В таком случае «путь» и есть функциональная конструкция истории как повторения, истории как мифологии, — конструкция постоянного переноса, бесконечной отсрочки. В этом смысле подобный «путь» всегда открыт. Он, можно сказать, вечен, поскольку представляет собой ностальгическую проекцию того же искомого целого, только развернутую во внеэмпирическом, над-временном и внепространственном плане — своего рода априорную «пустую форму» (как бы вакуум, засасывающий любые определения). Поскольку внятный, артикулированный уровень предельных ценностей и идеальных значений в русской, советской, теперь и современной российской, постсоветской культуре отсутствует, а сколько-нибудь содержательного, осмысленного отношения к конечности человеческого существования, к смерти в ней нет, то подобная сверхзначимая конструкция, видимо, занимает место или симулирует функцию запредельного как обобщенного значимого партнера, как принципиального «другого» (в социологическом смысле — как основы развитой социальности) [267] .

267

Можно сказать иначе: это протез отсутствующего запредельного, а значит, и предела — в чем бы то ни было. Что такое протезы отечественного производства и стоящая за ними антропология, мы знаем. Ср. в лекции Мераба Мамардашвили 1986 г.: «…для человека, который готов вечно страдать, не существует реальности смерти <…> культуру, в которой мы живем, трудно назвать <…> историческим образованием, поскольку она полна несвершившимися событиями, в ней не происходила последовательность свершений, мы вечно решаем одну и ту же проблему <…> Значит, мы все еще не родились, раз не решены проблемы, которые давно уже должны были быть решены и из них должен был быть извлечен смысл <…> Это и значит, что у нас нет исторической мощи стать, сбыться, выполнить что-то до конца» (Мамардашвили М.Эстетика мышления. М., 2000. С. 47–48).

Поэтика банальности

В приводившихся выше цитатах характерны частые эпитеты «всякий», «каждый», «любой». Кроме них в популярных исторических романах чрезвычайно распространено местоимение «все», сочетание «все люди» и т. п. И это не случайность, не неряшливость автора: подобная номинативная фигура относится к числу постоянных приемов историко-патриотического романиста. В контексте сказанного выше о повторении подобные мыслительные и речевые особенности, как и другие словесные «тики», клише, навязчивые мысли, «слова-паразиты», весьма интересны для аналитика.

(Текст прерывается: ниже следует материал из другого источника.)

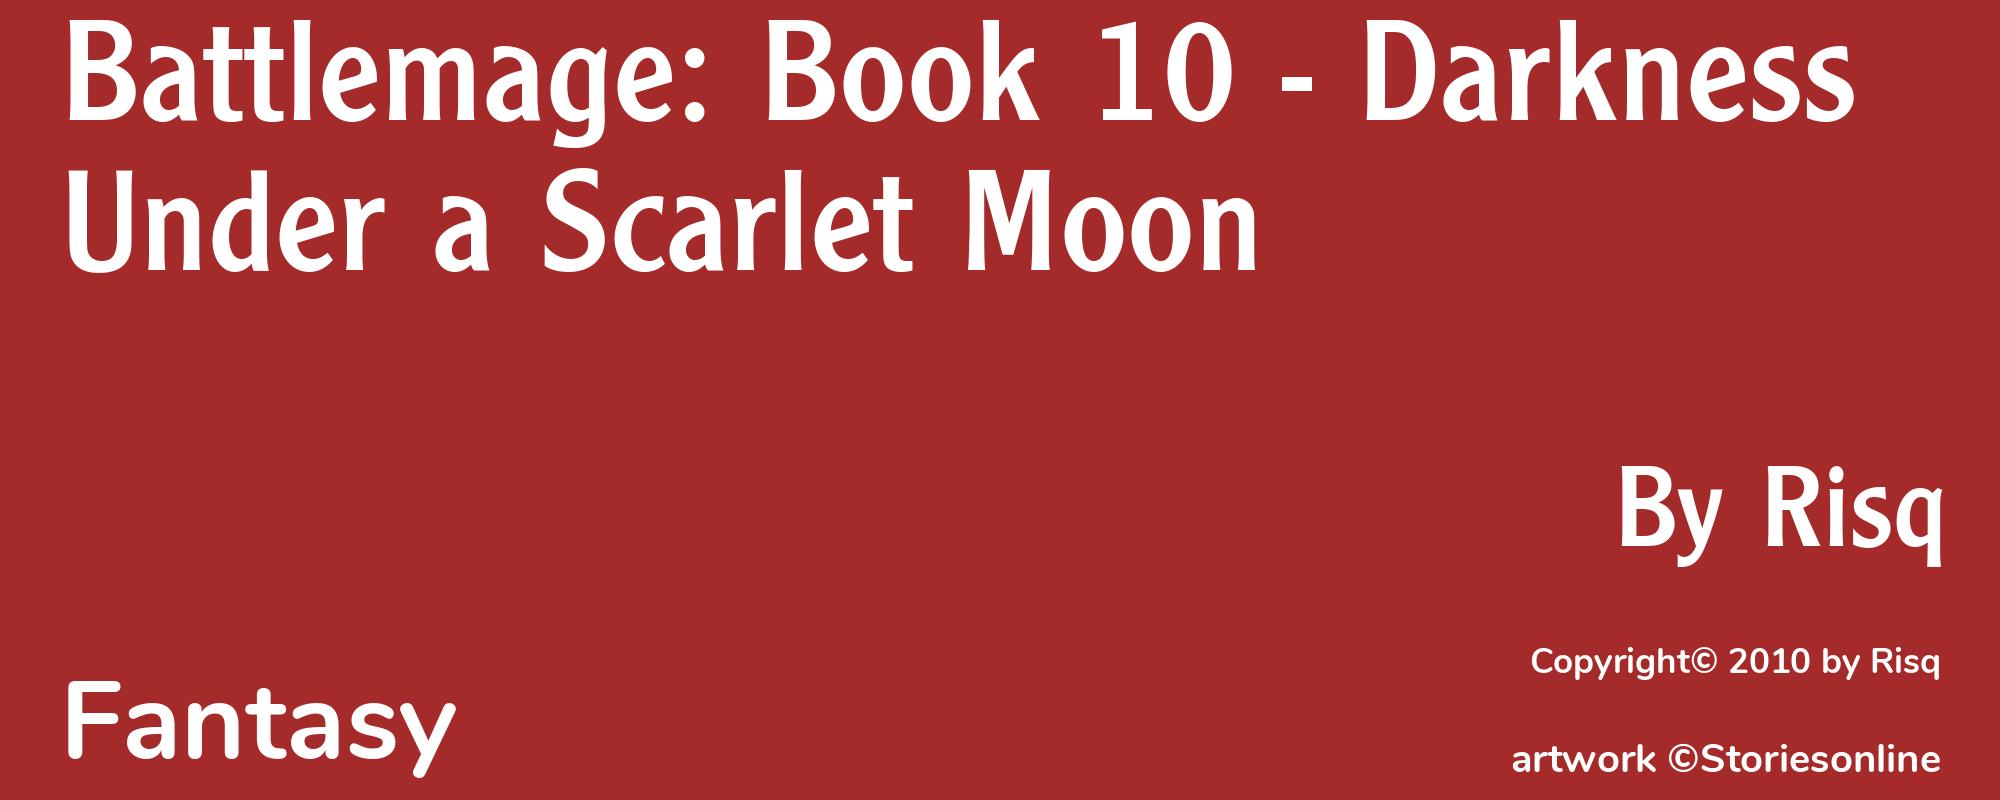 Battlemage: Book 10 - Darkness Under a Scarlet Moon - Cover

Дело не просто в том, что рассматриваемые здесь романисты машинально заимствуют или беззастенчиво крадут этот словесный ход у Л. Толстого (а вернее, у писателей советской эпохи, уже когда-то заимствовавших их у Толстого, — скажем, Фадеева или Л. Леонова, Шолохова или Симонова), — обсуждение литературного эпигонства в терминах заимствования бессмысленно и бесперспективно, в описываемых здесь рамках, собственно говоря, нет автора как индивидуального лица, отвечающего репутацией за свое словесное поведение, свои «поступки». Речь о другом. С помощью подобного приема историко-патриотический романист вменяет «доисторическим» родоплеменным сущностям (племени, земле, народу) универсальные нормы поведения человека эпохи Просвещения — здравый смысл, разумную природу и проч. Он как бы дотягивает, надставляет своих персонажей до идеальной нормы того, что сам — человек, хочешь не хочешь живущий сегодня, — считает «человеческим». Я бы назвал это моралистическим компонентом романного письма данной разновидности и видел в нем элементарное символическое выражение ценности современного (зачаток или рудимент возможного универсализма).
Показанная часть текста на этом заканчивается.